— Records shown —
----
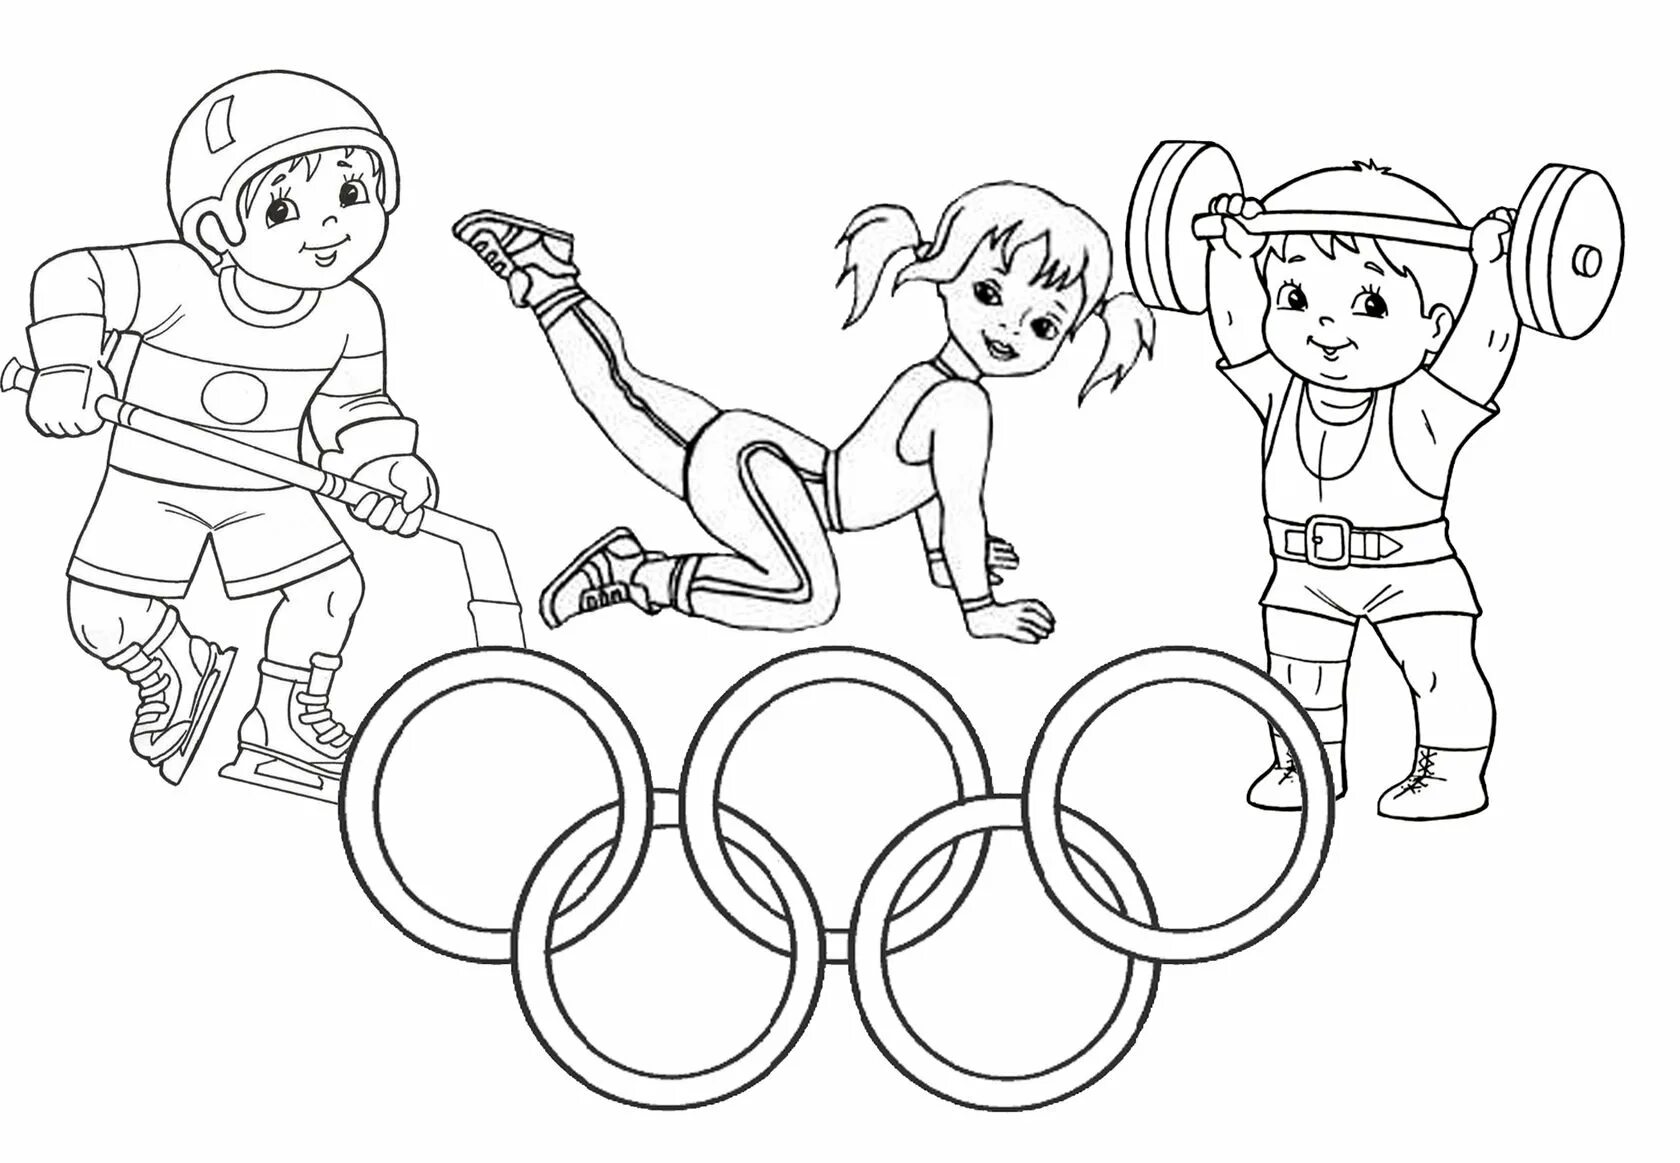 Comic coloring book for children's olympic sports
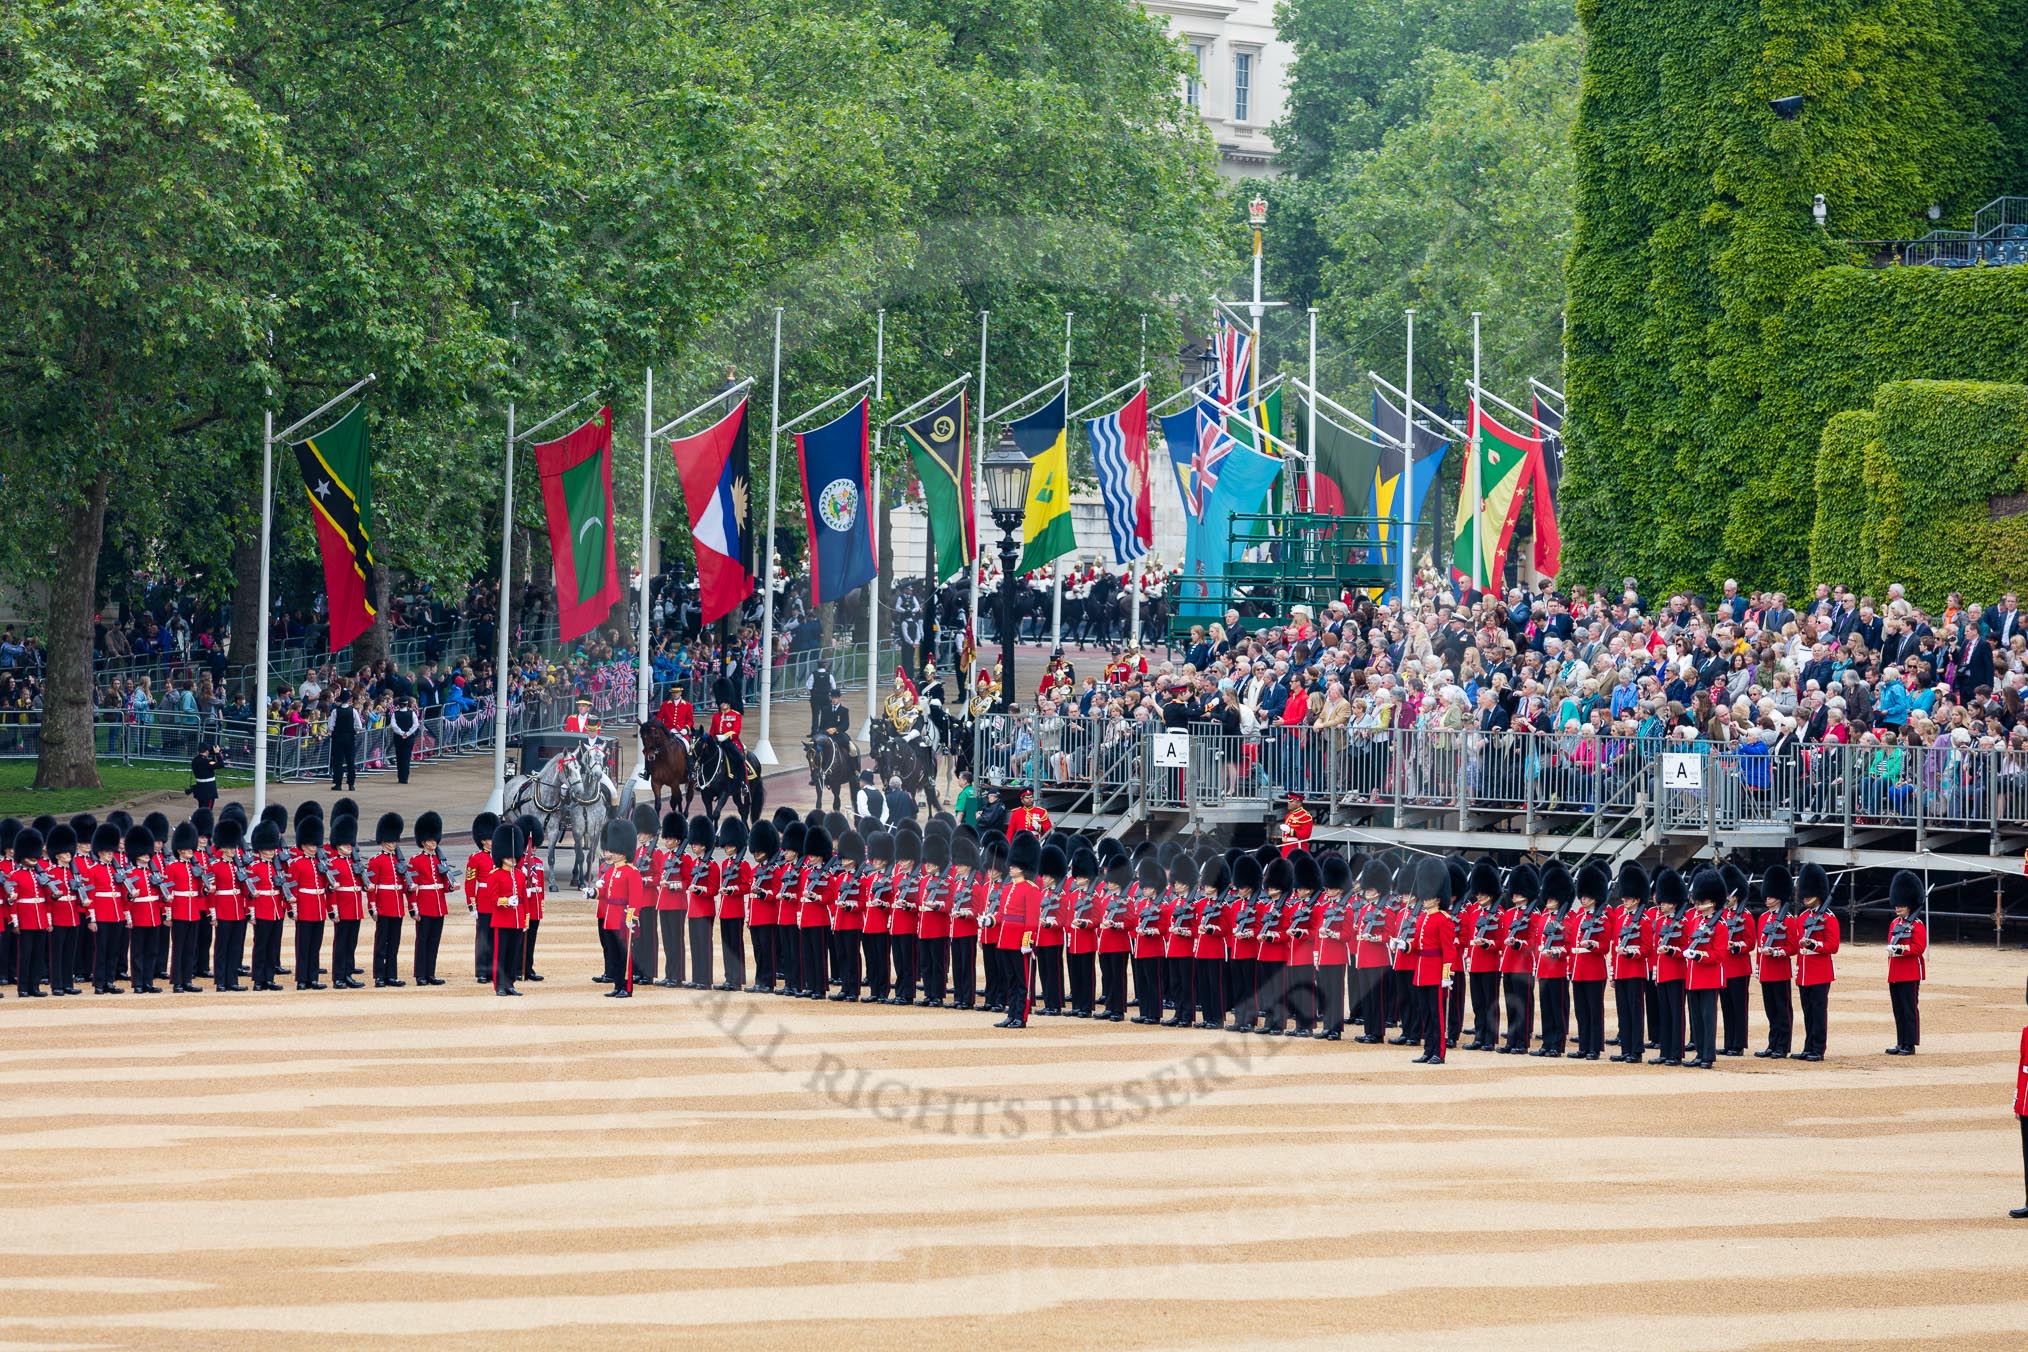 The Colonel's Review 2016.
Horse Guards Parade, Westminster,
London,

United Kingdom,
on 04 June 2016 at 10:58, image #153
----
— Exercise directions —
Give back the records exactly, minus any pictures.

— Response area —
 Comic coloring book for children's olympic sports
 The Colonel's Review 2016.
Horse Guards Parade, Westminster,
London,

United Kingdom,
on 04 June 2016 at 10:58, image #153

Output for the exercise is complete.